As the volatility of oil prices continues to increase, many countries and sectors will be affected. In this context, the volatility of oil prices points to both the regime models and the presence of a nonlinear and chaotic structure.

This paper aims to analyse the volatilities of WTI, Brent and Dubai crude oil prices between 29 May 2006 and 31 March 2020. Firstly, it explores the presence of chaotic and nonlinear behaviour in the oil prices by Shanon Entropy (SE) and Lyapunov exponent (L_e) tests, and secondly, it suggests the Logistic Smooth Transition Autoregressive Generalised Autoregressive Conditional Heteroskedasticity long-short term memory (LSTARGARCHLSTM) method. If the SE and (L_e) tests determine chaotic or nonlinear behavior, we propose a hybrid modelling technique developed by combining the LSTARGARCH [7] with LSTM. The LSTARGARCH model has STAR type nonlinearity in both the conditional mean and variance and allows the smooth transitions between the regimes to be governed by a logistic function. To evaluate the success or accuracy of our proposed method, we compare with GARCHLSTM and traditional methods; GARCH and LSTARGARCH. Finally, in this paper, since forecasting performance is accepted as a measure of the success of applied methods, we compare the forcasting performance of all the models.

This paper contributes to the related literature on theory, methodology and econometric applications by determining the differentiating characteristics of the volatility of the oil price in different regimes and by helping to specify the corresponding policies for these characteristics.

The paper is organised as follows: In Section 2, the related studies are reviewed. In Section 3, the proposed hybrid model and the methodology are described. The empirical results are presented in Section 4. The last part of the paper presents the concluding remarks and policy recommendations.

2. Related Work

Since the shocks stemming from COVID-19 have dramatically affected countries and many sectors, the impacts of the COVID-19 pandemic on the economy have been discussed by several papers. Baldwin [8] explored the connection between the inequality of wealth and health and the pandemic and argued that since for millions without higher education, financial and health difficulties abound, the number of hospitalisations and thereby the mortality rate due to COVID-19 is likely to be substantially higher for this group relative to that for the rest of the society. Gourinchas [9] pointed out that flattening the pandemic curve inevitably makes the macroeconomic recession curve steeper, which can be flattened by taking appropriate economic measures at a fiscal cost. Gopinath [10] discussed limiting the economic fallout from the coronavirus with targeted policies. Blanchard [11] and Alesina and Giavazzi [12] focused on ways to avoid another Euro crisis due to COVID-19. Gali [13] showed the importance of “helicopter money”, suggested by Gali [14] to avoid recession. Wyplosz [15] presented a solution to avoid a potential debt crisis during COVID-19. Cecchetti and Schoenholtz [16] accented the importance of Bank Runs and Panics. Cochrane [17] explored the impact of COVID-19 on monetary policy. Bénassy-Quéré [18] accented that the decline in oil prices will impact headline inflation and, as occurred in the past, could impact household and corporate inflation expectations. Arezki et al. [2,3] stressed that to limit the risk of financial instability, interest rates should be reduced and liquidity should be injected into the banking system and accented that, in places where inflation is low, liquidity injection and targeted cash transfers can be financed by “helicopter money” [14] that is banknotes printed by the central banks [13].

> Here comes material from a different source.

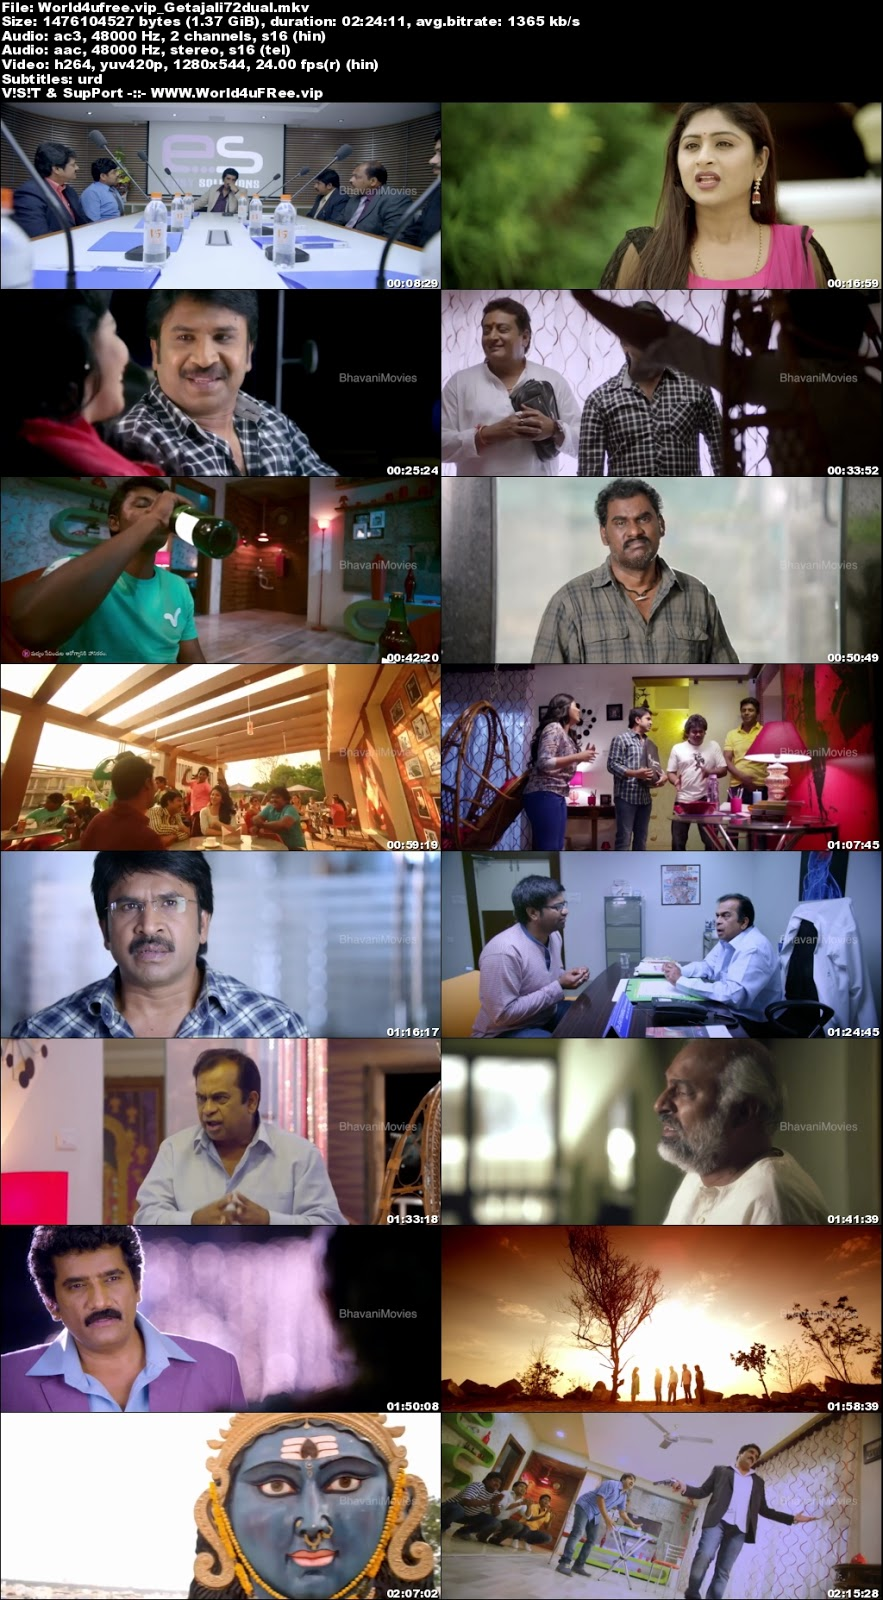 Geethanjali 2014 Dual Audio 720p UNCUT HDRip Download world4ufree.fun , South indian movie Geethanjali 2014 hindi dubbed world4ufree.fun 720p hdrip webrip dvdrip 700mb brrip bluray free download or watch online at world4ufree.fun

However, these studies do not consider the impacts of COVID-19 on the volatilities of oil prices, which has caused many issues. In our opinion, the volatility of oil prices points to both the regime structure and the presence of nonlinear and chaotic structure. Some previous work examined the volatility of the oil price and modelled it as a process with chaotic and nonlinear behavior. Barone-Adesi et al. [19] suggested a semiparametric method to examine the structure of oil prices. Adrangi et al. [20] determined the presence of low-dimensional chaotic structure in the oil prices. Lahmiri [21], Komijani et al. [22] and He [23] are the other studies that determine the presence of chaos in oil prices.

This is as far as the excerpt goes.